Hacker News new | past | comments | ask | show | jobs | submit login
X86 Machine Code Statistics (strchr.com)
60 points by adamnemecek on June 23, 2015 | hide | past | favorite | 40 comments



A) I have no idea what to do with the information, but it's fascinating nonetheless.

B) Obviously the instruction mix depends on the programs analyzed. The ones he analyzed are actually all heavily tuned but smaller programs. I wonder if that changes in other domains. If he ever re-does his analysis, it would be interesting to see something gigantic like OpenOffice, which I'm guessing might even be more MOV based. And maybe something like Octave, which might make use of some more esoteric math functions.

C) When he says "three popular open-source applications were disassembled and analysed with a Basic script", I thought he might mean "simple", but downloading the source, he does indeed mean BASIC the programming language. :)


A decade or so ago I would have had a use for this information. I was working on the problem of distinguishing code from data in Windows executables -- which is not always easy because of the presence of computed jumps and multibyte instructions (even if you have a pretty good idea that you're looking at code, you need to figure out exactly which byte it starts on). I wrote a Bayesian analyzer that estimated the likelihood that a given byte was the beginning of an instruction, based on estimated instruction frequencies. It worked very well despite the fact that my frequency estimates were SWAGs [0]. I'm sure it would have worked even better with actual statistics.

[0] https://en.wikipedia.org/wiki/Scientific_Wild-Ass_Guess


I think it's interesting how much time is spent moving things around or preserving state vs computation. Lots of cycles dedicated to that means less is getting done than we might think.

This can be useful when building up expected performance models of a system.


Hardware designers are aware of this thou, if you take say register-register movs, this can be achieved without actually copying the data, via register renaming.

X86_64 ABI switched to being able to pass arguments in registers as well. And the top of the stack will almost certainly be in cache anyway for the old style.


Plus, most instructions are actually out-of-order on x86 (hence the out-of-order superscalar). So your "mov" will usually take (effectively) zero cycles -- unless there is a dependency. But compilers are usually smart enough to pipeline the generated code, so the problem is really not a problem at all!

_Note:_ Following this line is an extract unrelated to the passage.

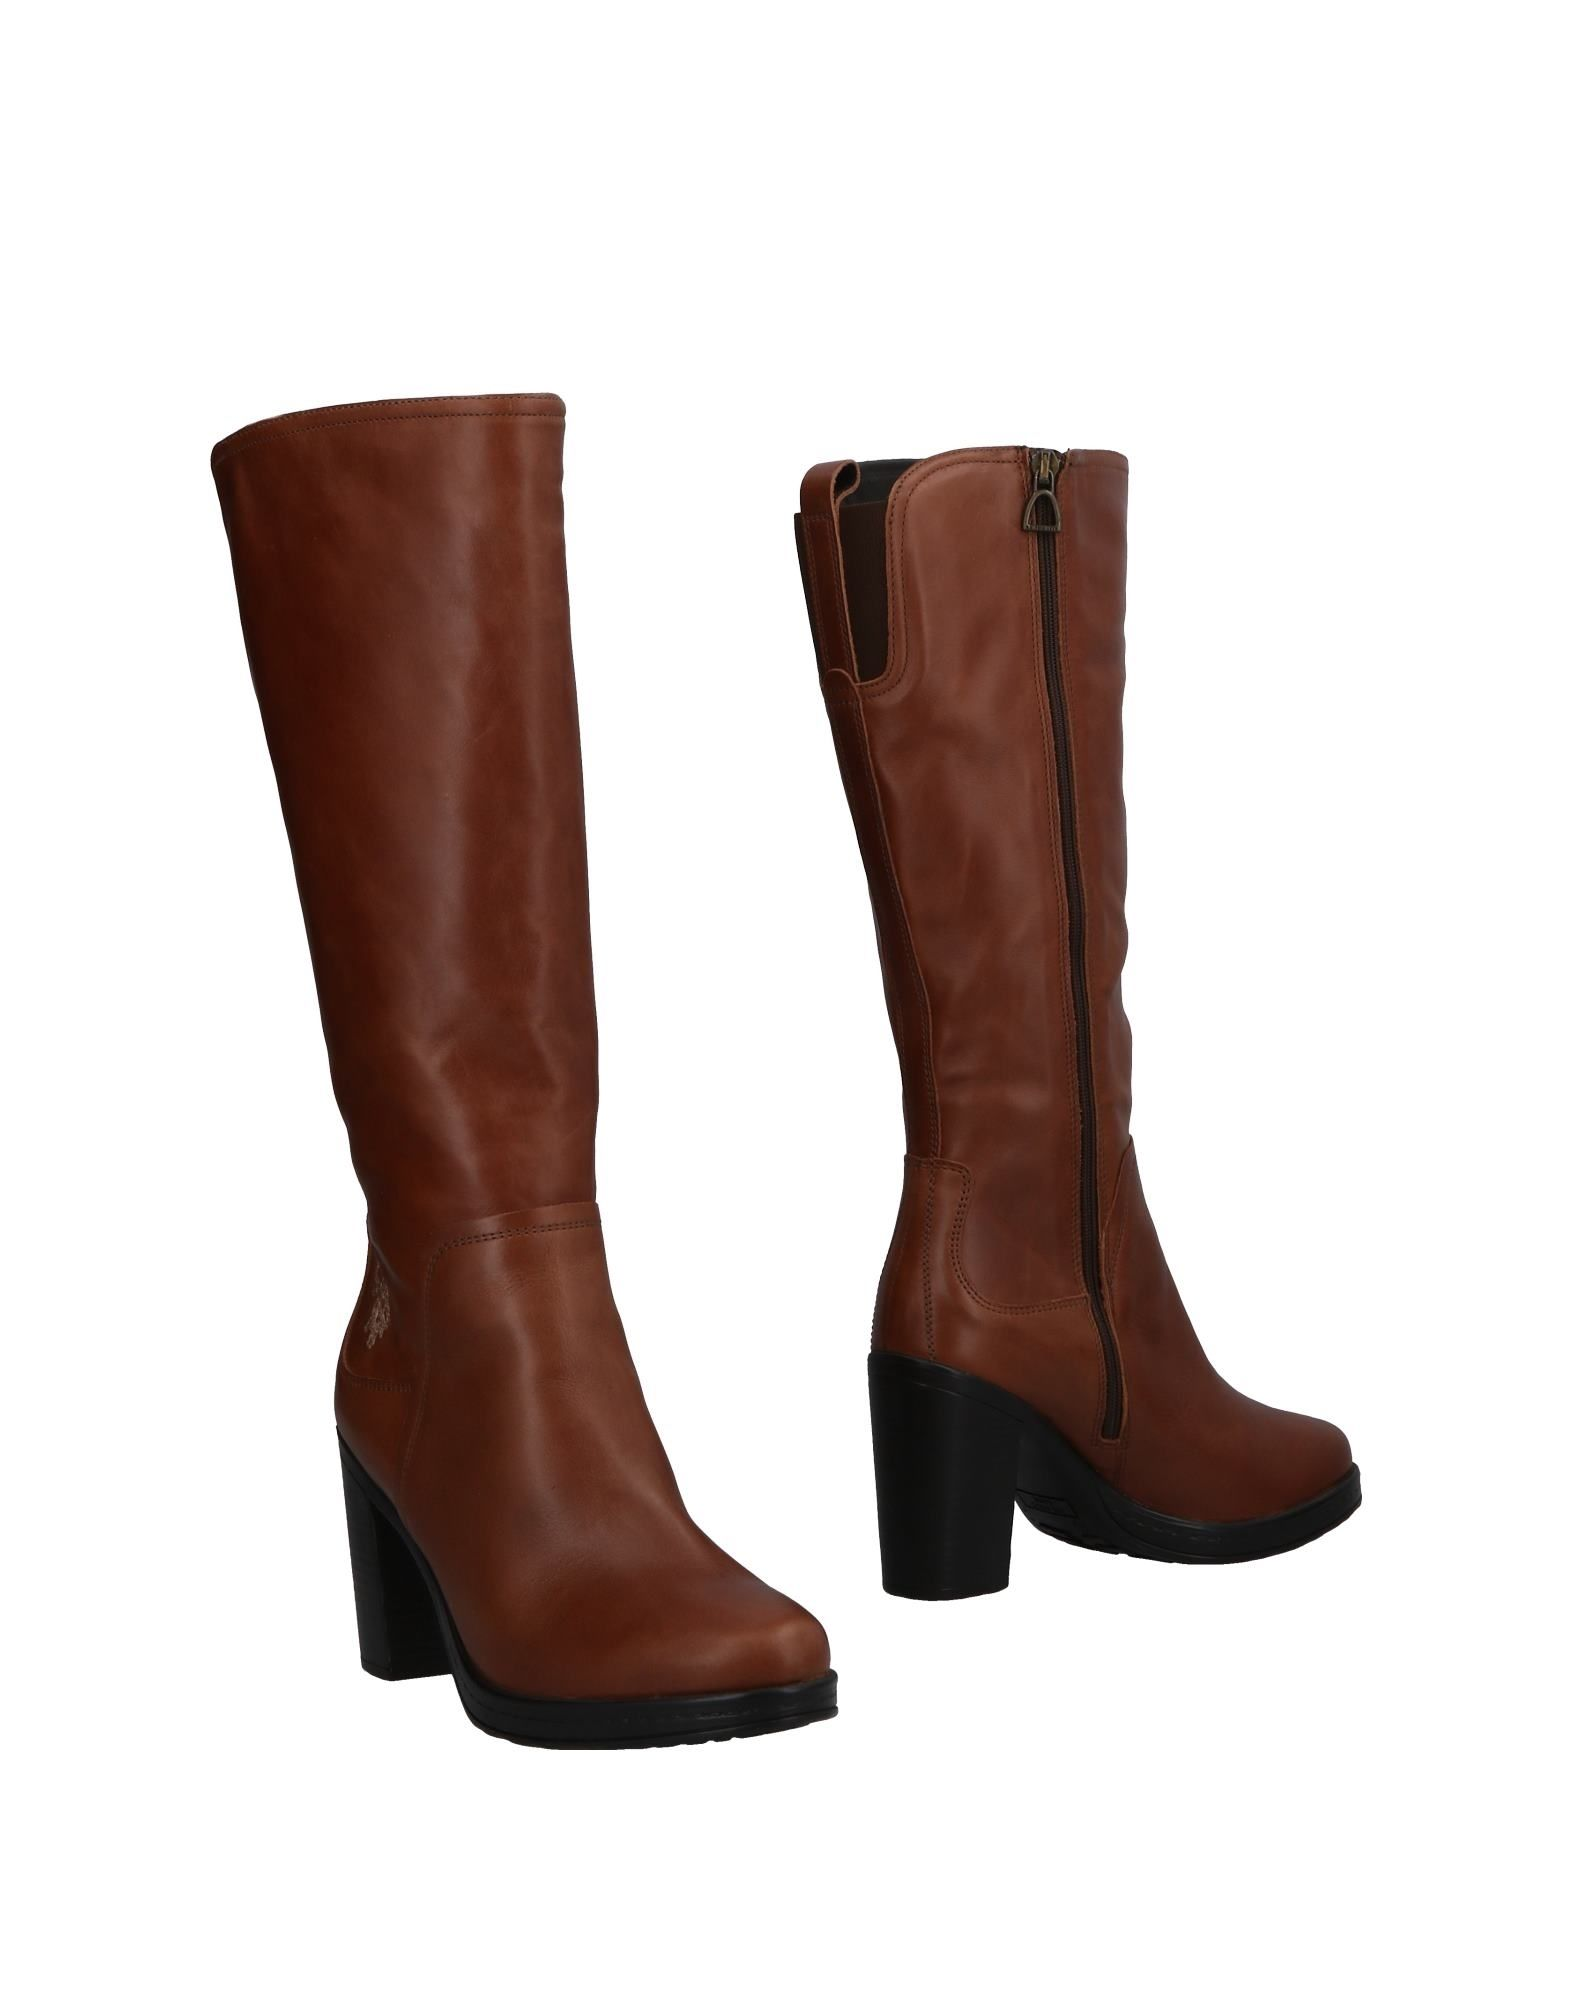 U.S.Polo Assn. Boots - Women U.S.Polo Assn. Boots Kingdom online on  United Kingdom Boots - 11499724QU 01d410

Don't forget that reg->reg movs still take up instruction bandwidth and require decoding.

They are nowhere near as expensive as a naive analysis would suggest - but they are nowhere near a free lunch either.


The only issue I have with this are that you are using a compiler from 1998 (visual c++ 6) at that time I think the Pentium !!! was just starting to get popular. There are college students now who were toddlers when this compiler came out. I would love to see a treatment of a more recent compiler generating instructions for more recent x86 CPUs.


I completely agree. It also seems the list of programs that were analysed is not quite as diverse as one might wish. It'd be great to see what some other categories of software might use. For instance, I could see OpenOffice to be an interesting application to look at.


> There are college students now who were toddlers when this compiler came out.

Sucks for them that Visual Studio peaked when they were still in diapers.


Yeah. For instance, in IA64 calling conventions the first several function arguments are passed in registers (taking advantage of the greater number of registers than in IA32) so the number of PUSH instructions should be reduced quite a bit.


Funny thing, I had exactly the same idea the other day. Here is a breakdown of opcodes in a random binary of BusyBox 1.22.1 I had lying around (as disassembled by ndisasm):

https://scontent-fra3-1.xx.fbcdn.net/hphotos-xpt1/v/t1.0-9/1...


Certainly interesting, but not really useful IMO.

Instructions that are present very rarely might be executed far more frequently if they are within a loop, particularly a tight number-crunching loop.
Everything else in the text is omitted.